Были, конечно, и такие, как наш учитель Ананий Петрович. Помню, как, ставя мне пятерку за ответ, он с сожалением и остро запомнившейся грустью сказал: «Жаль только, что эта пятерка тебе на самом деле ни к чему, — ведь приобретаемые знания не помогают тебе разобраться в том, где подлинная истина, а где лишь обманчивое подобие ее…»

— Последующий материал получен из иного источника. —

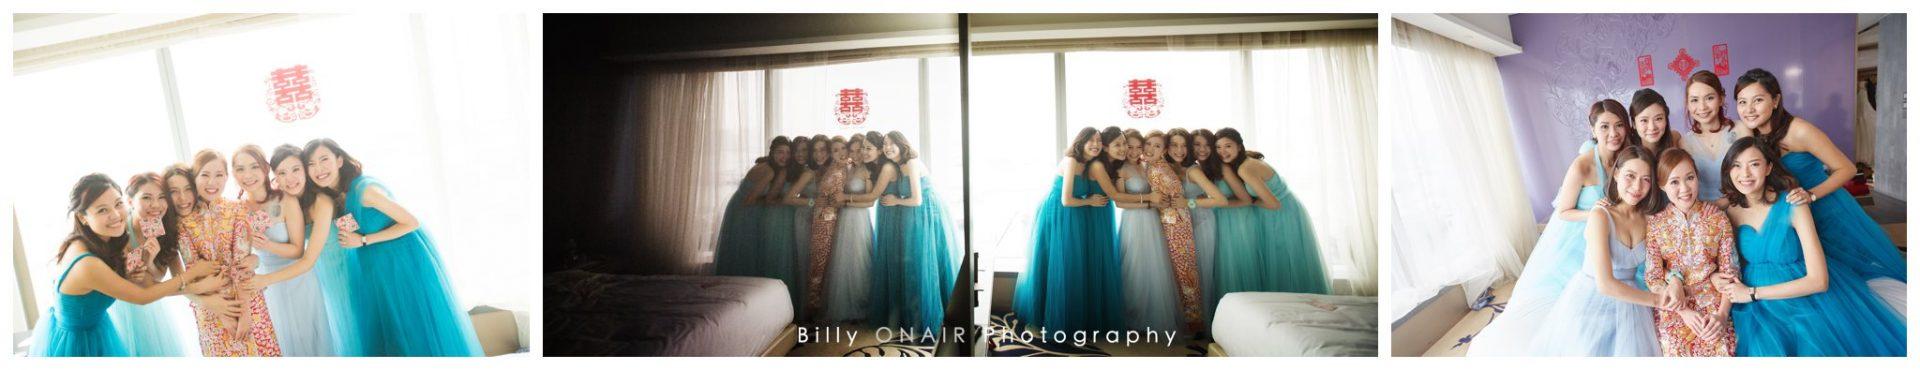 billy_wedding_photography_004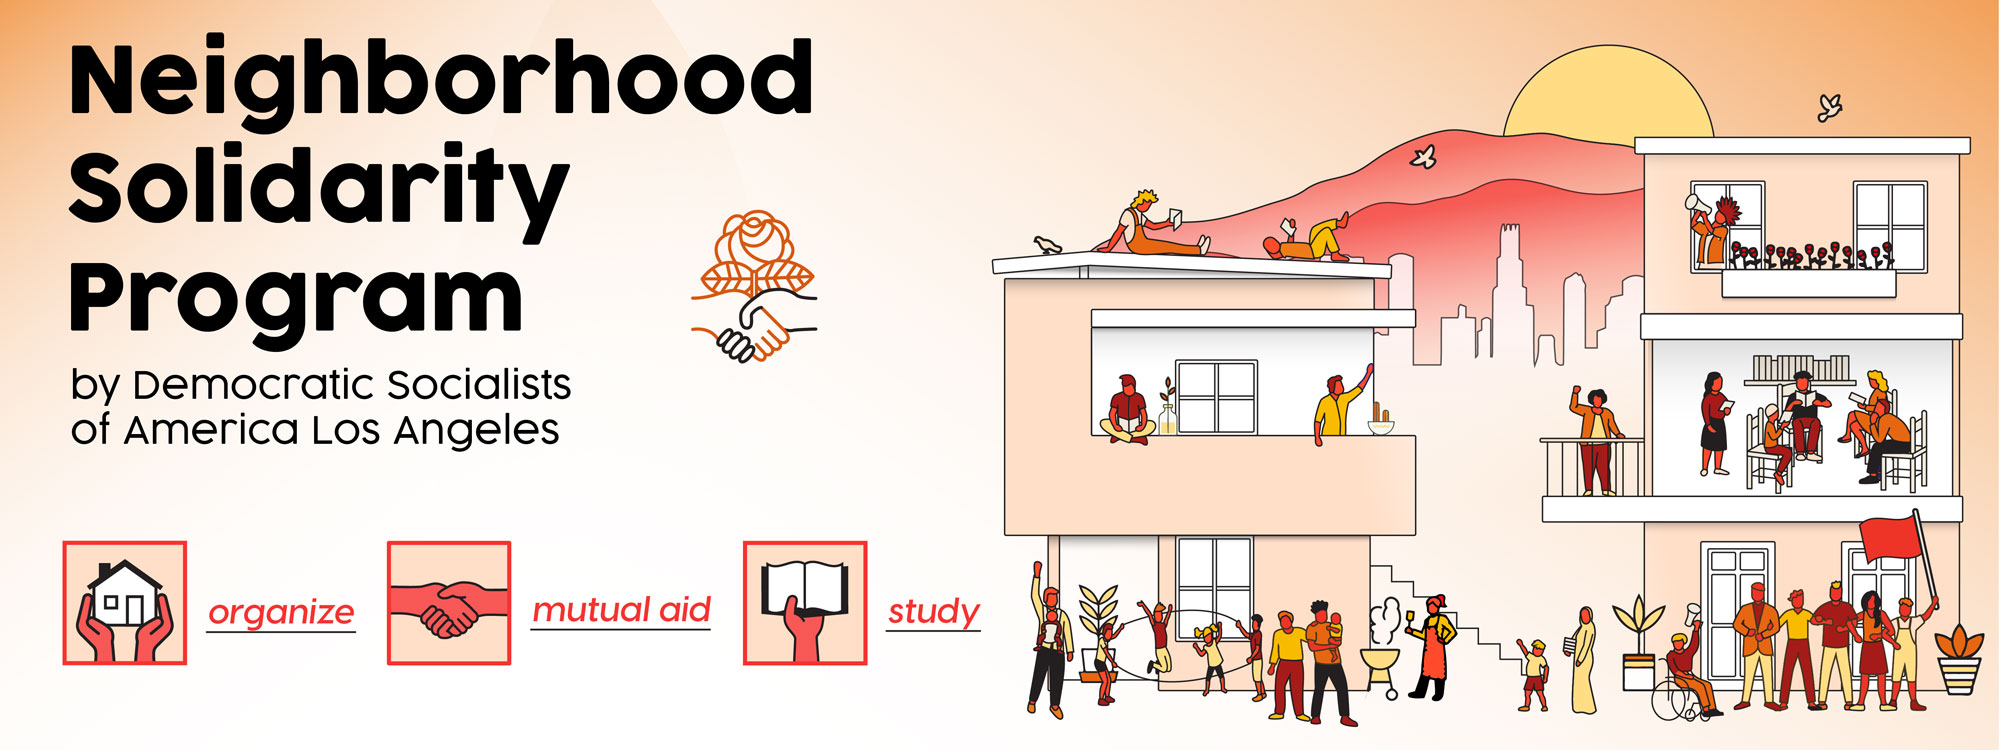 Neighborhood Solidarity Program: By Democratic Socialists of America Los Angeles

«Губишь ты, Леня, свое будущее», — не раз повторял он. Его слова отзывались во мне сомнением в своей правоте. Но то, что было заложено с детства, то, что выделяло меня и моих единоверцев из «греховного» мира, каждый раз оказывалось сильнее. Да и насмешки делали свое дело. Я все больше и больше убеждался в правоте проповедников, которые говорили, что мы избранный Христом народ и поэтому каждый из нас должен быть готов принять сораспятие — ибо сказано Христом: гонимы будете во имя мое. И конечно же все насмешки над нами и всякую мелкую обиду, неприятности, каких в обыденной жизни хватает у всех, я воспринимал весьма остро — как приметы гонения и вместе со своими единоверцами готовился к сораспятию. Оно представлялось мне торжественным и героическим актом. Поэтому особенно нравились мне в школе рассказы о Зое Космодемьянской, о Павлике Морозове, короче, истории о героической смерти, принятой во имя идеи. Всю же остальную школьную программу я воспринимал так, как объяснили мне в общине: бог сотворил землю и всю Вселенную по своим законам, а ученые постепенно открывают лишь наиболее простые из этих законов, — вот их-то и проходят в школе. А то, что при этом учителя утверждают, что бога нет, так это потому, что высшие, божественные истины доступны только избранным.
Возможно, что учеба в школе как-то и повлияла бы на меня, если бы с раннего детства и мать, и старшие «братья» по вере не внушали мне, что общаться с неверующими грех, что надо быть всегда готовым к тому, что в любой день и час все неверующие могут погибнуть за свои грехи и безбожие, а истинно верующие, то есть мы, христиане веры евангельской, будем выведены, как евреи из Египта, в другие места, где откроется новое государство— без Советской власти и социалистического строя.
Конечно, у меня не было и не могло быть никаких претензий ни к Советской власти, ни к социалистическому строю, за которые отдал жизнь мой отец. Но я уже знал, что наши молитвенные собрания устраиваются тайно, что о них ничего нельзя говорить посторонним, иначе, как утверждали старшие «братья» и «сестры», всех нас подвергнут пыткам за нашу веру и отправят в холодную и страшную Сибирь. Поэтому нет ничего удивительного, что я с опаской относился не только ко всему, что хоть в какой-то мере олицетворяло собой официальную власть, но и ко всем неверующим вообще, как к исчадиям греха, уже осужденным на гибель. И конечно же «исхода» в благословенные земли ждал, как осуществления самой заветной мечты.